### THE DATA

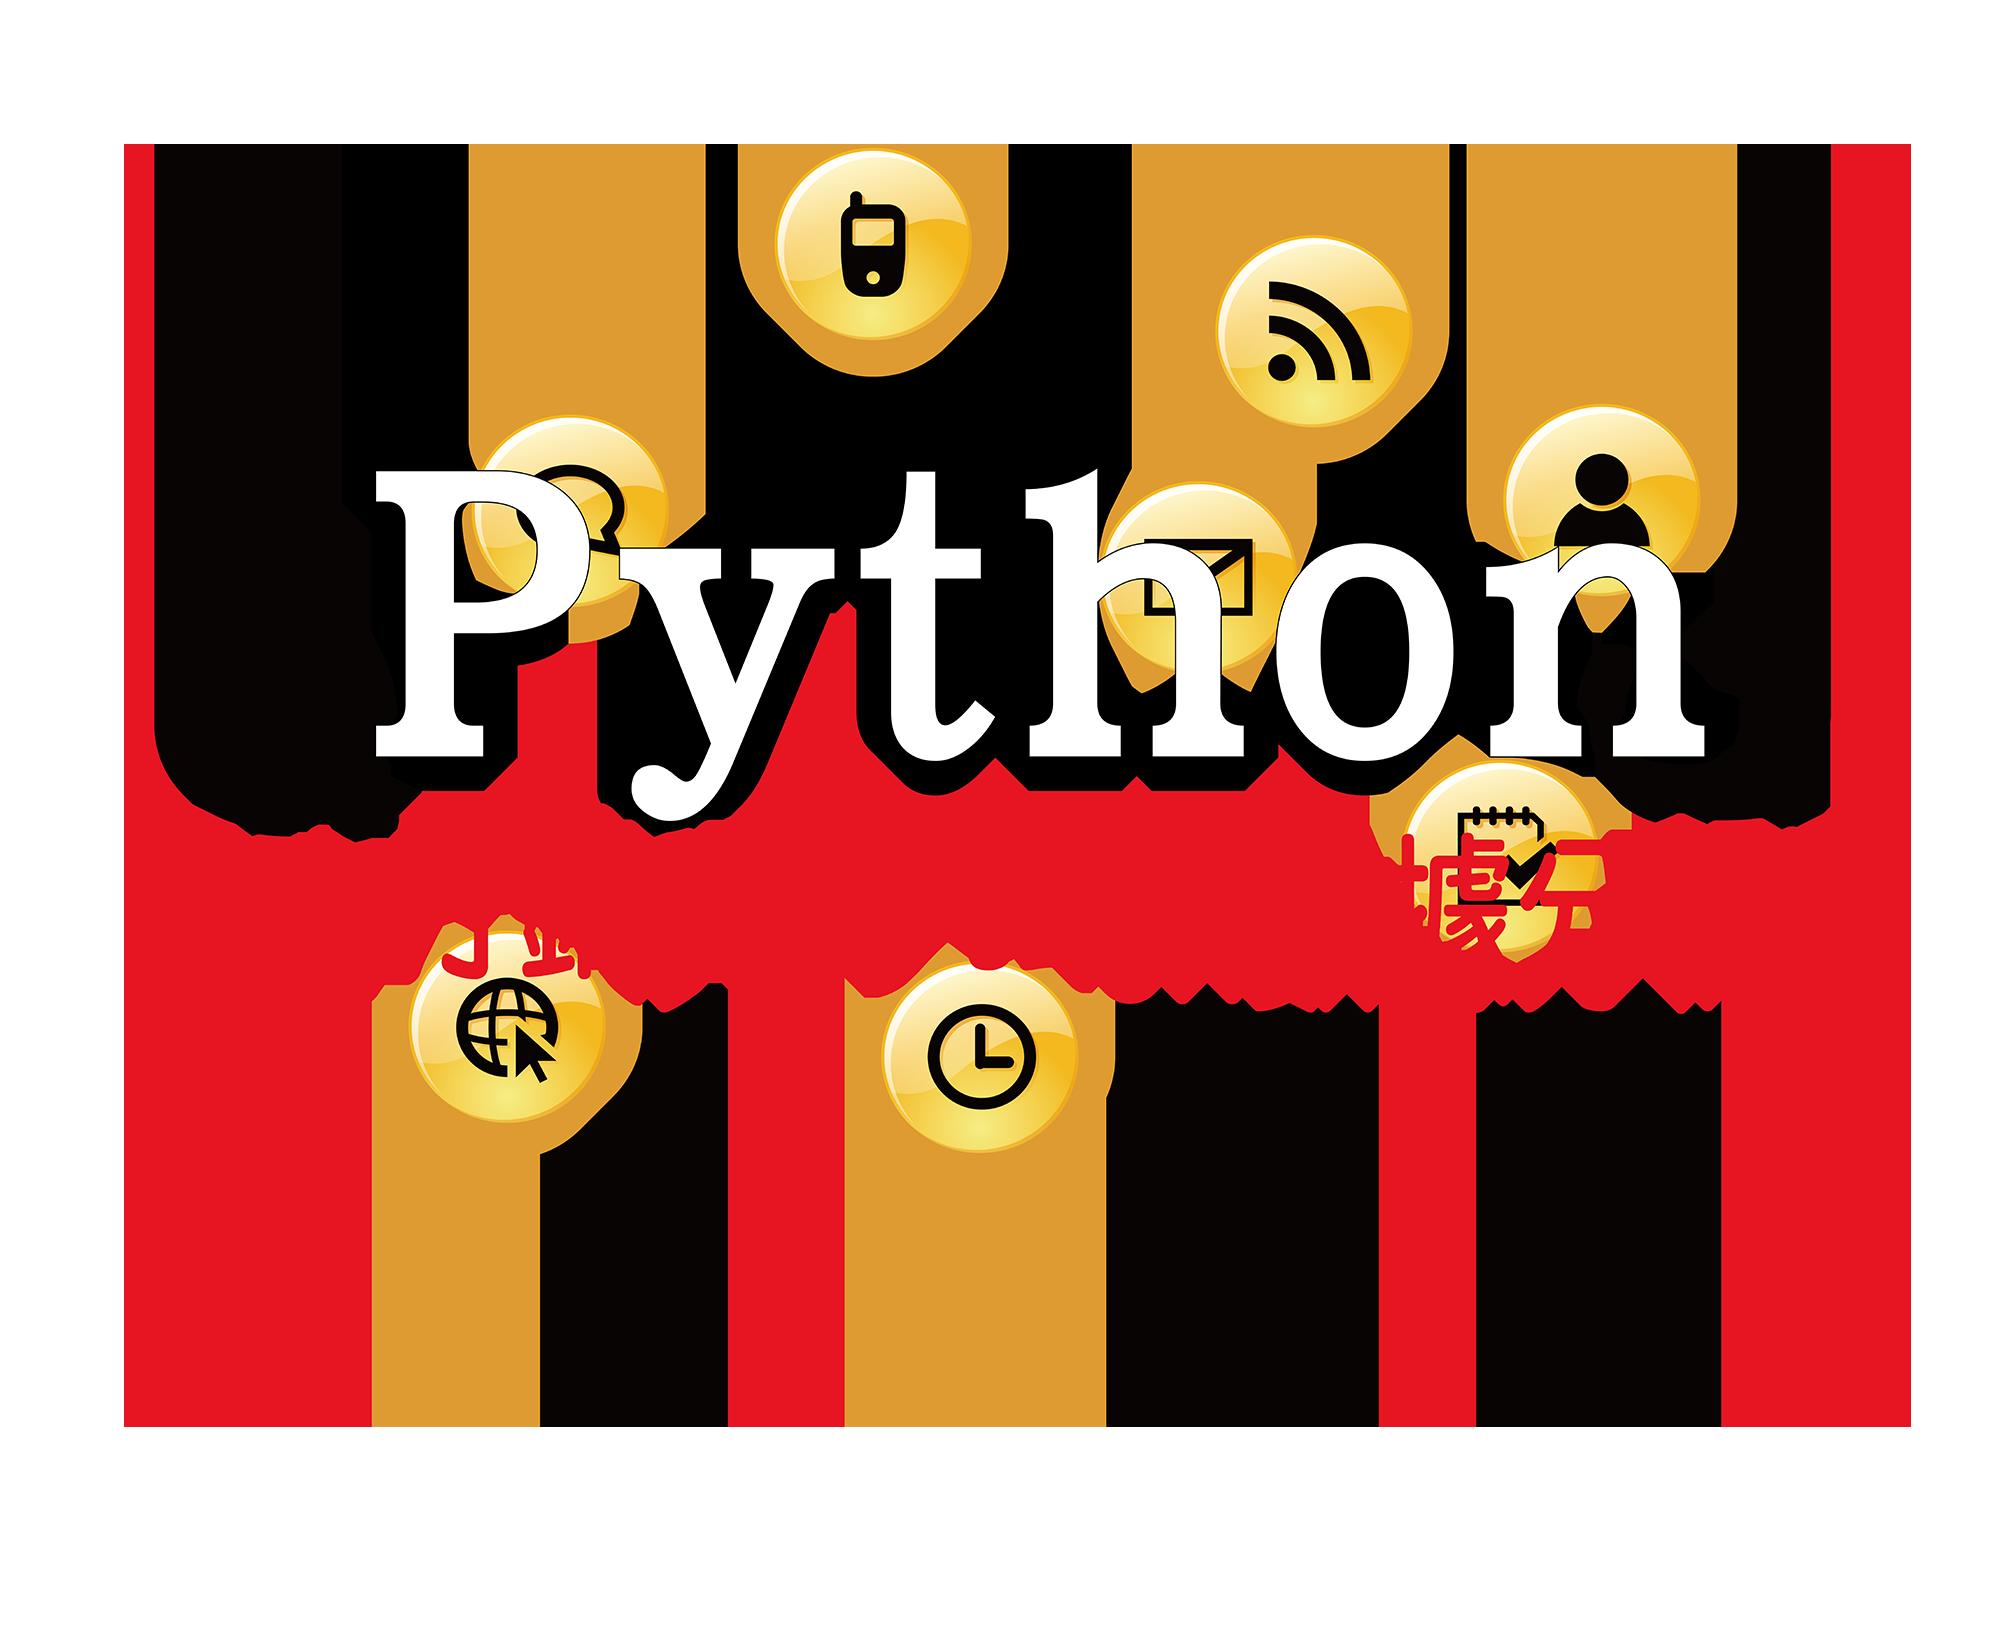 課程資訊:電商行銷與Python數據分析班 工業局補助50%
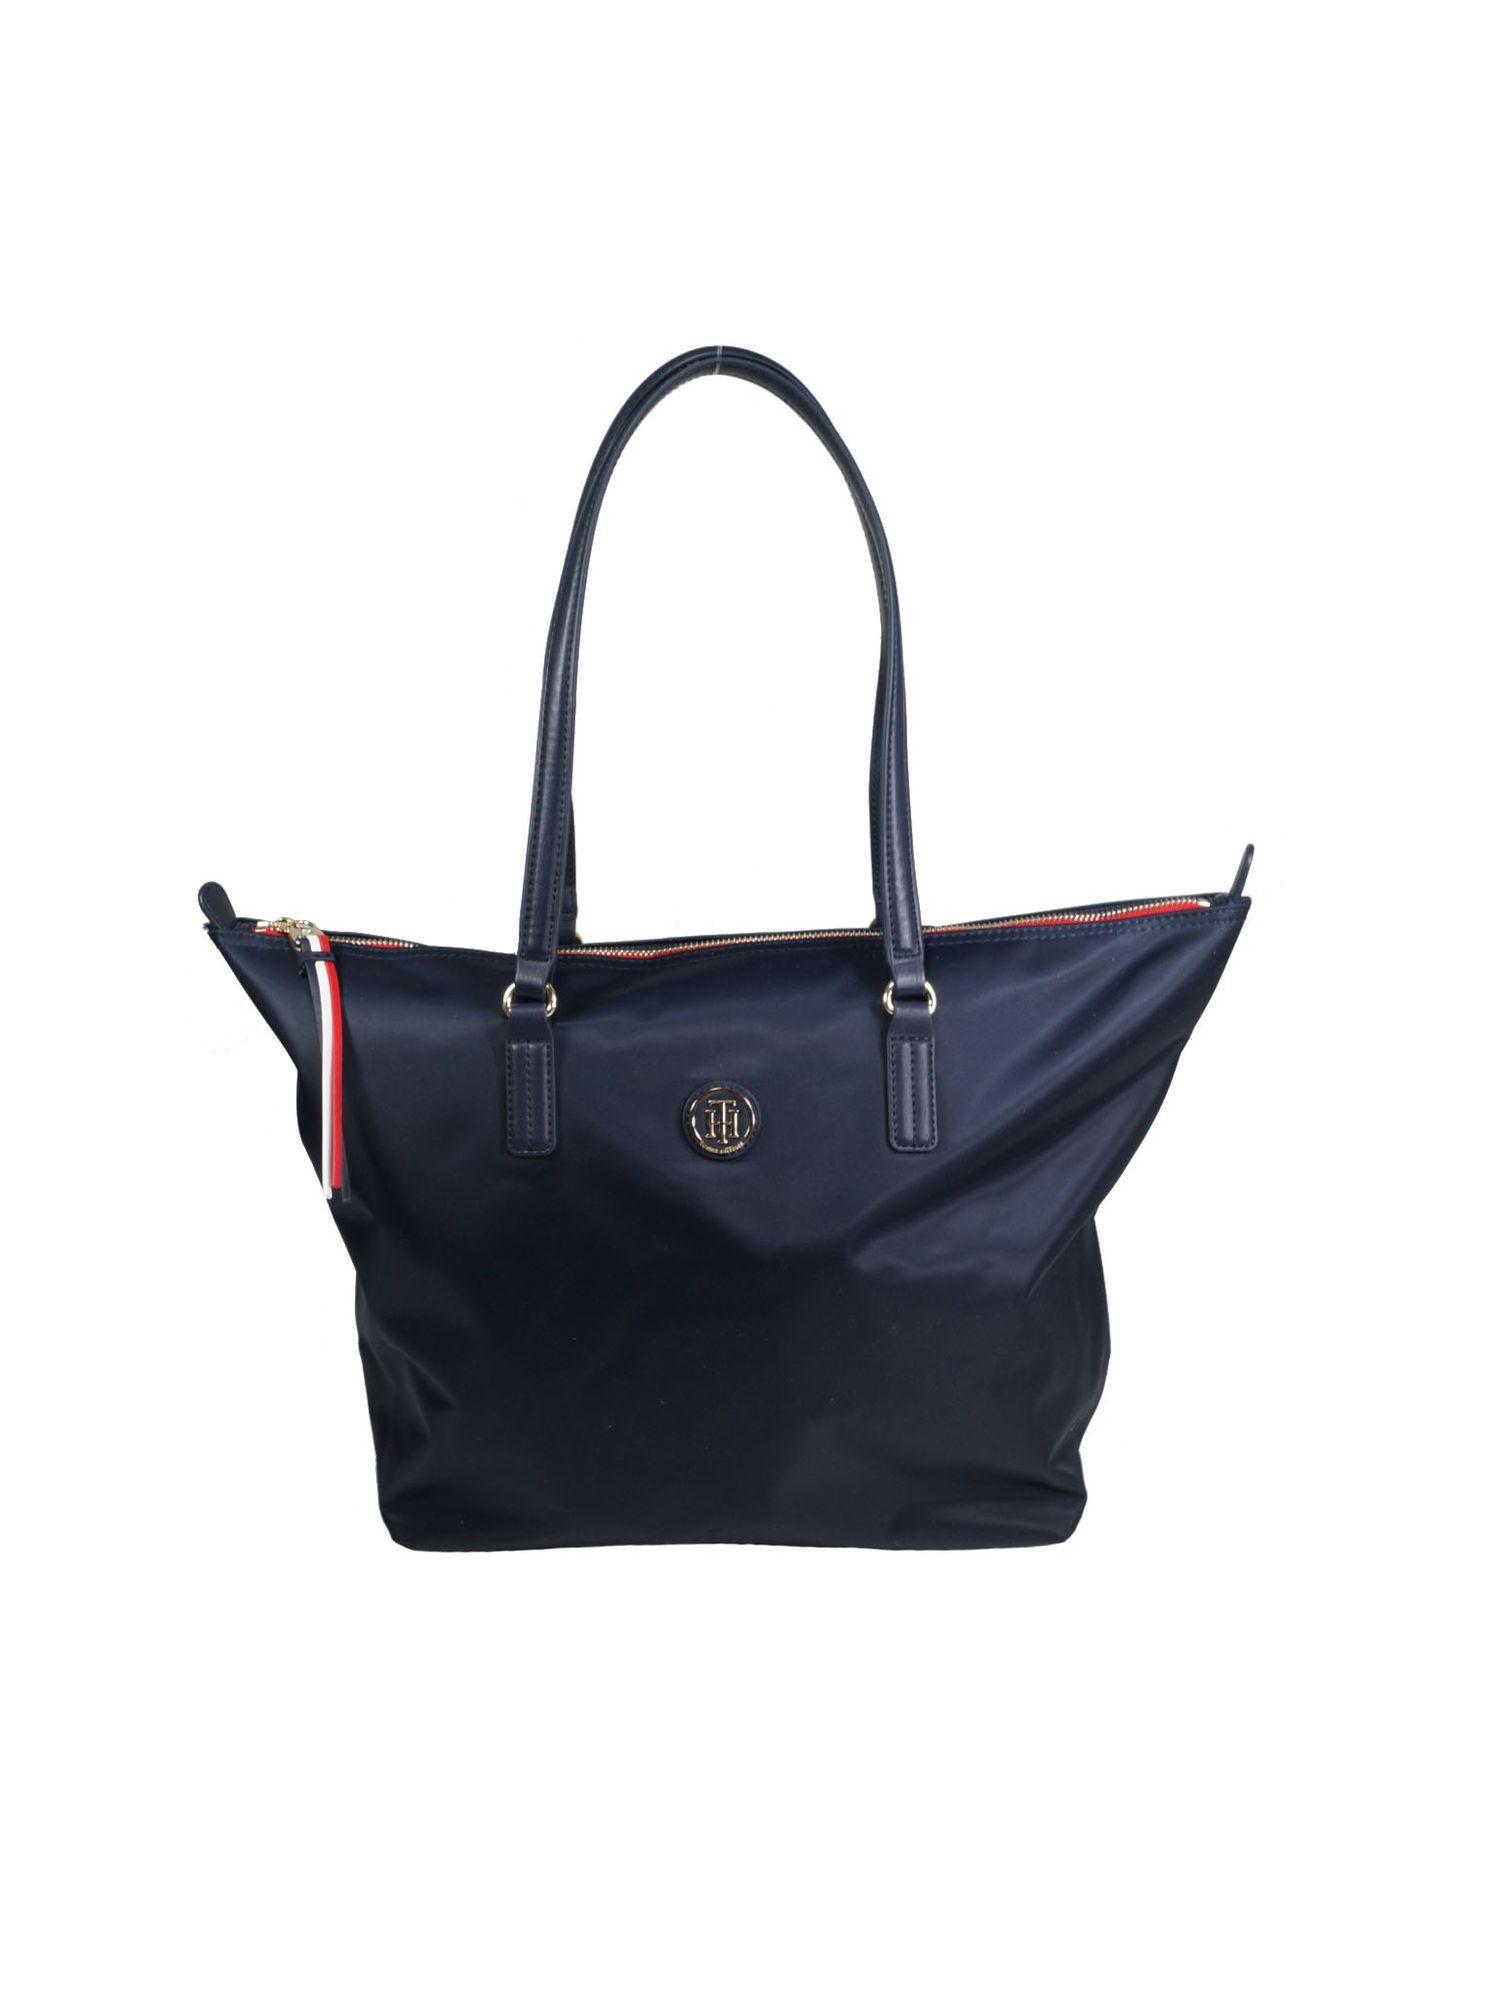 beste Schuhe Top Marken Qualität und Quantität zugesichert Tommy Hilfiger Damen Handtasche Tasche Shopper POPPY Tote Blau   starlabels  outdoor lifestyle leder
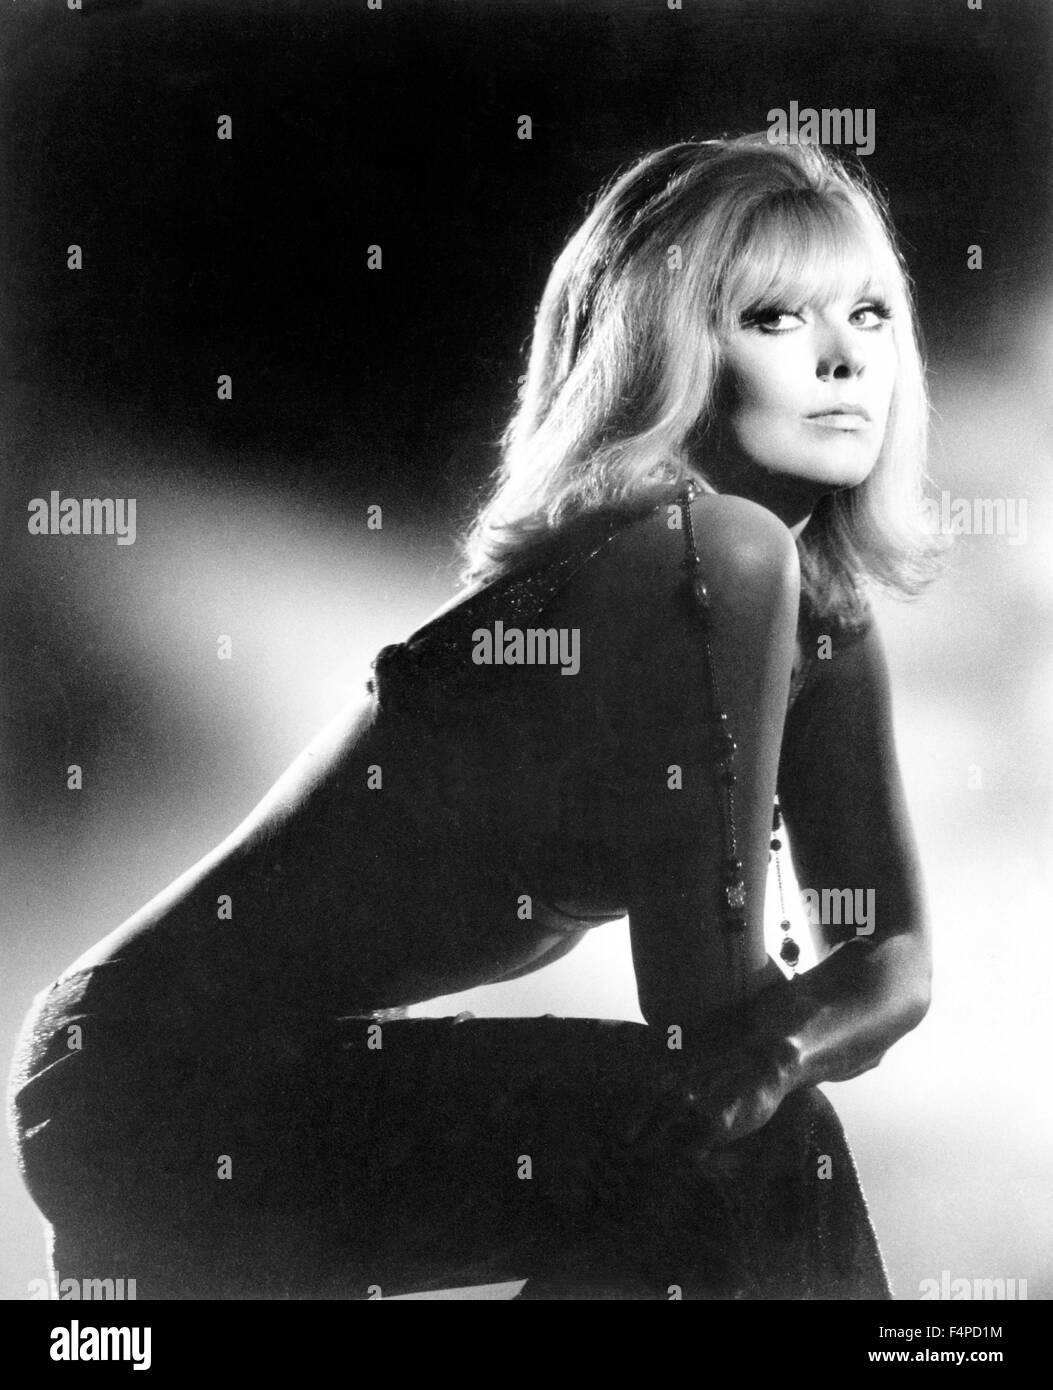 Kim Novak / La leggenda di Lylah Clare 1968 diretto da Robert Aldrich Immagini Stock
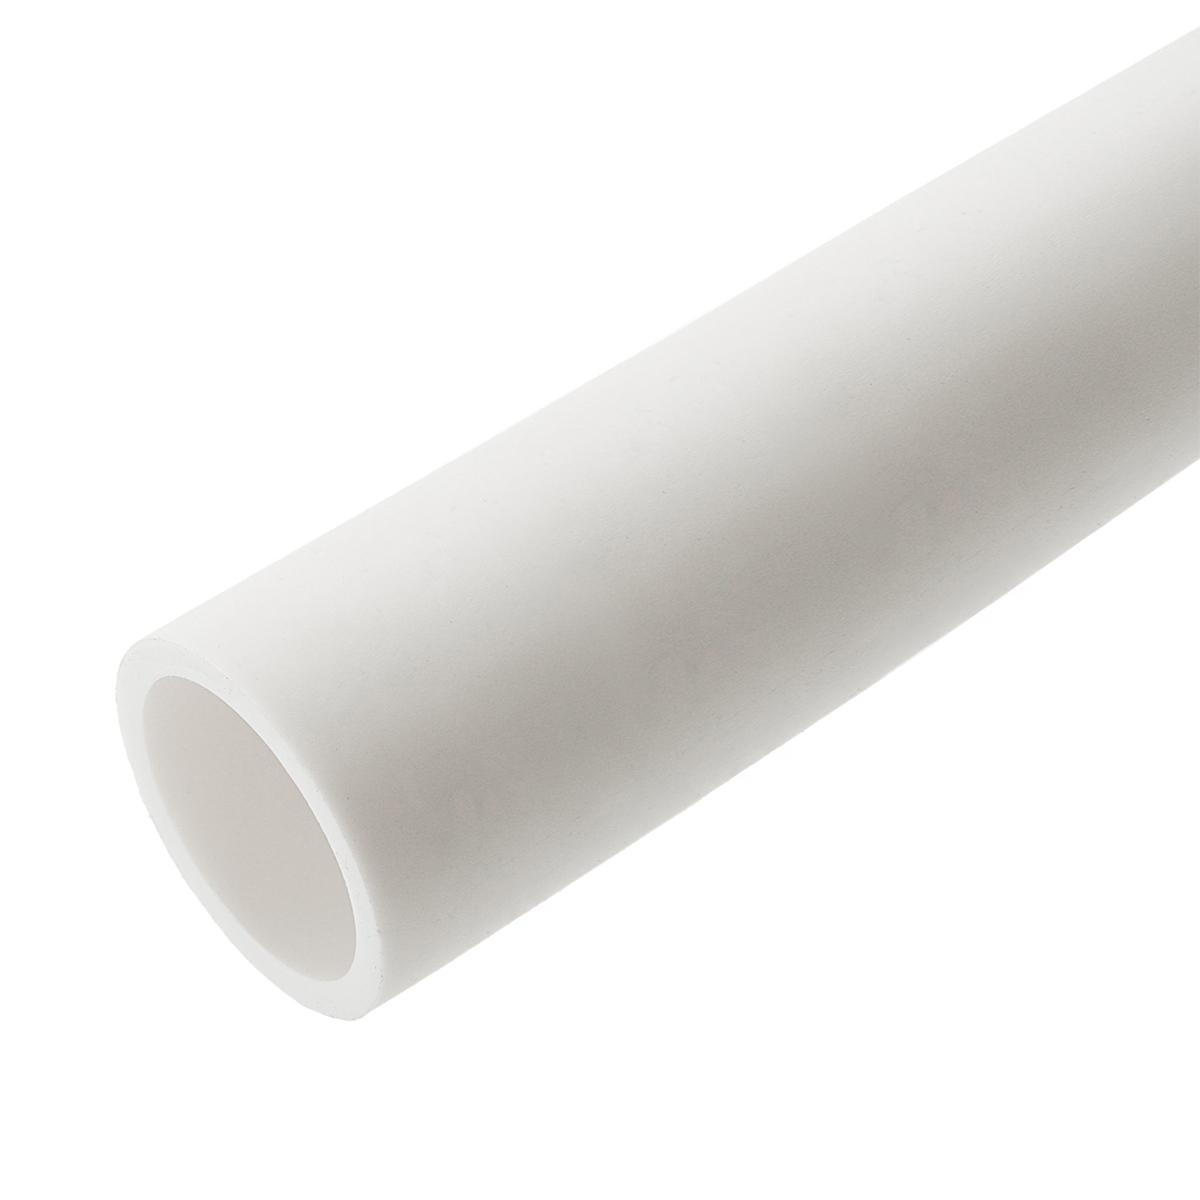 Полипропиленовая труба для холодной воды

### EXERCISE GOAL
Would you transcribe the whole listing above exactly? The pictures should not be included.

### TASK ANSWER
 課程資訊:電商行銷與Python數據分析班 工業局補助50%
 beste Schuhe Top Marken Qualität und Quantität zugesichert Tommy Hilfiger Damen Handtasche Tasche Shopper POPPY Tote Blau   starlabels  outdoor lifestyle leder
 Kim Novak / La leggenda di Lylah Clare 1968 diretto da Robert Aldrich Immagini Stock
 Полипропиленовая труба для холодной воды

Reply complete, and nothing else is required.